# Looking for money belts before heading off to Spain



## justsally (27 May 2007)

I've checked out a few shops in Dublin but no joy. Those bum bags are just too bulky. They almost have "rob me" printed on them. Can anyone tell me where I would be able to buy a couple of money belts. I'd enjoy my holiday so much more if hadn't to keep watching my bag  . 

Thanks


----------



## z108 (27 May 2007)

I got  a nice one in the great outdoors in liffey street . it had my passport and money etc when I went backpacking and it fitted snugly under my jeans  so well that  noone actually knew I was wearing it .


----------



## gnubbit (27 May 2007)

Hi,
I've seen them in all sorts of places like Boots (bigger brances like Liffey Valley or Jervis Centre), Dunnes Stores, luggage depts of department stores like Brown Thomas and camping/outdoor shops like Great Outdoors.  I got a flesh-coloured cotton one with a breathable mesh back that can go under your clothes and isn't too uncomfortable.  There are also versions that go around your neck but personally I'd prefer the kind that goes around your waist.


----------



## gipimann (27 May 2007)

I saw money belts (dark coloured but flat so will go underneath clothing) for sale in Aldi in Drogheda yesterday.


----------



## PM1234 (27 May 2007)

Any camping shop. 

Am sure I remember seeing them in the airport too.


----------



## justsally (27 May 2007)

Thanks a million for all the repies. Yer me darlins          I must be going around with my eyes closed.   Pickpockets could have a field day with me.

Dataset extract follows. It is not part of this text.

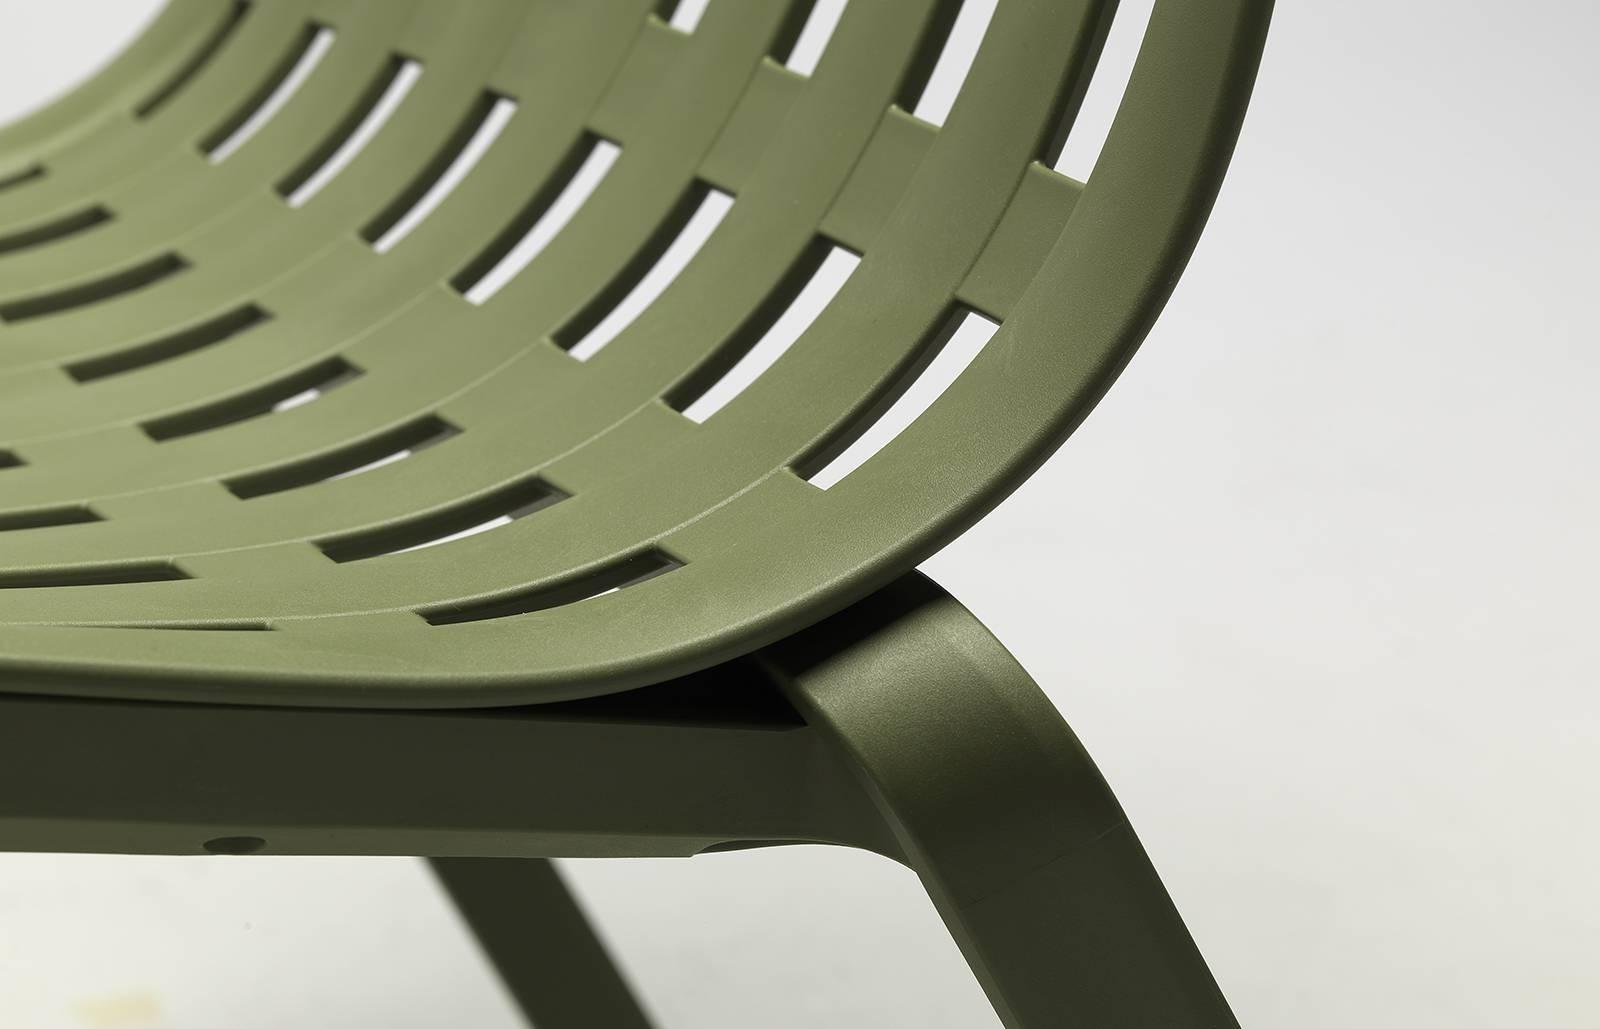 Fotel bujany z podłokietnikami Folio zie lony - zdjęcie nr 8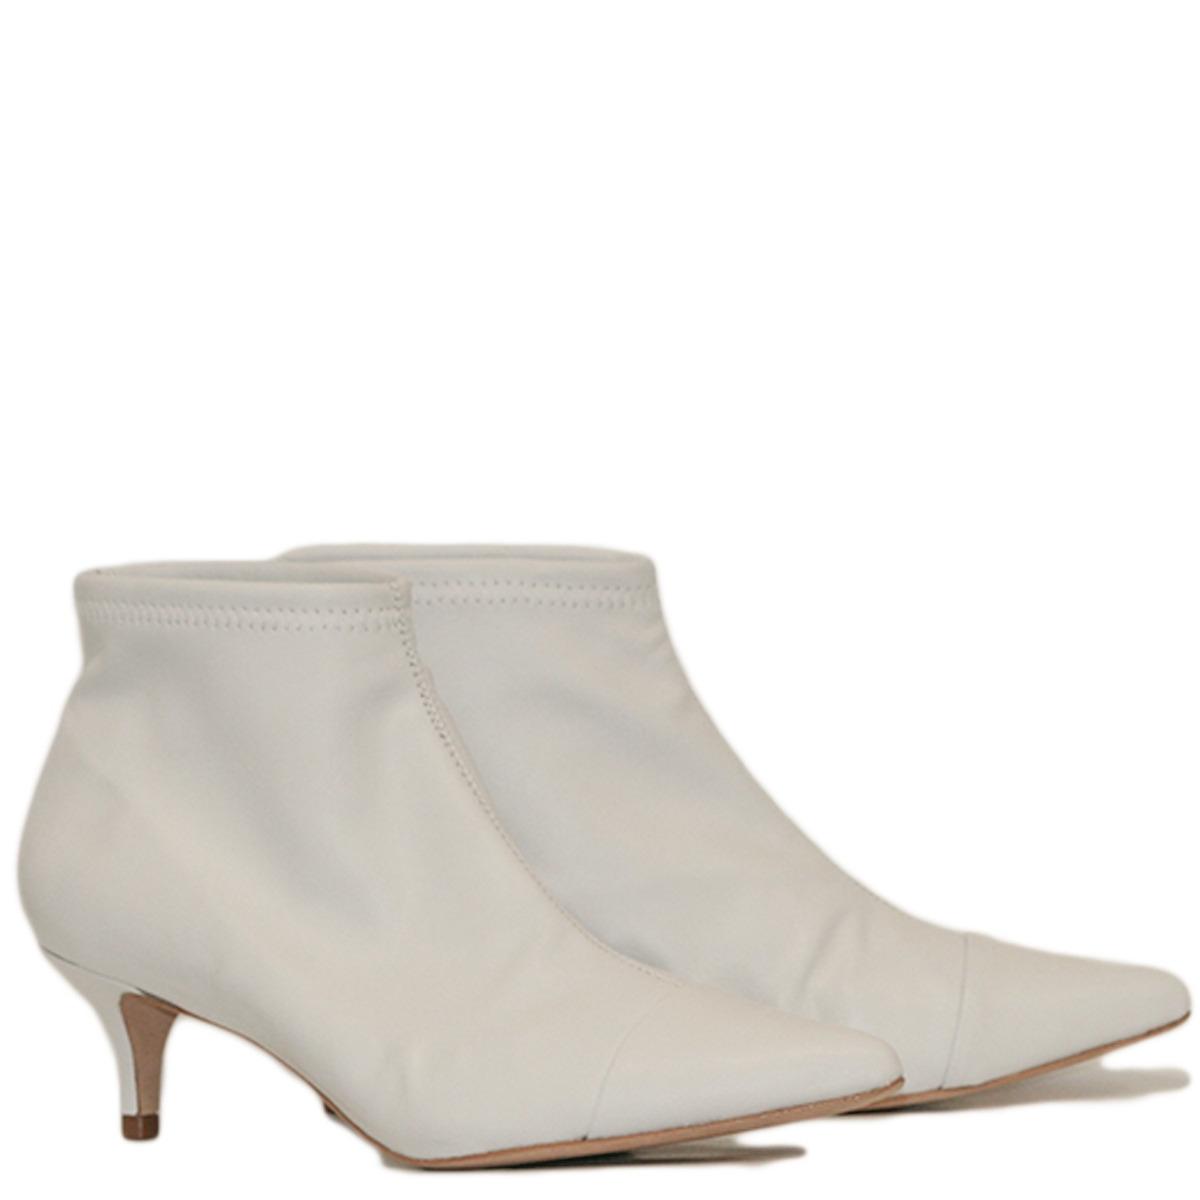 d4204146aa bota schutz kitten heels branco. Carregando zoom.

> I got a flesh-coloured cotton one with a breathable mesh back that can go under your clothes and isn't too uncomfortable.


 
Can you say where you got this one gnubbit.


----------



## gnubbit (27 May 2007)

I think it was in Roches Stores - so not much use I'm afraid!  I think it was made by a company called Go or something similar.

Have a great holiday!


----------



## setemupjoe (27 May 2007)

they sell them in the airport shop


----------



## gdf (27 May 2007)

There is a good selection of money belts for sale on ebay.ie


----------



## lukegriffen (27 May 2007)

any of the camping shops on mary st. (end of henry str.) will have them.
get the slim ones that you tuck under your trousers.


----------



## ClubMan (28 May 2007)

Why not just carry small amounts of cash and use a credit (ideally preloaded with cash) or other card to draw out money as you need it?


----------



## davfran (28 May 2007)

£shops also have them. Lucky you heading off to the sun!!!


----------



## tosullivan (28 May 2007)

Lidl had them last week in plenty supply


----------



## tinkerbell (28 May 2007)

Got one today in Dunnes Stephens Green Centre, 8 euro - ugly looking thing but if it protects the card and cash, I will gladly wear it in Rome next week as I have heard lots of reports of theft there by light handed thieves.


----------



## z108 (28 May 2007)

Depending how much you are prepared to pay they vary in style and quality.

The one I got in Great Outdoors was lightweight , breathable and the belt part was made of wire so it couldnt be cut off by a thief. It slipped snugly under my jeans and noone ever knew I wore it.
When I went backpacking I wore it 24 hours a day for a few months with passport and money securely inside  and only took it off to shower. I was very happy with it and almost forgot I was wearing it most of the time.


----------



## ClubMan (28 May 2007)

How about [broken link removed]?


----------



## KalEl (28 May 2007)

Does a money belt of any kind not scream "I'm a tourist, please rob me!"?


----------



## z108 (28 May 2007)

KalEl said:


> Does a money belt of any kind not scream "I'm a tourist, please rob me!"?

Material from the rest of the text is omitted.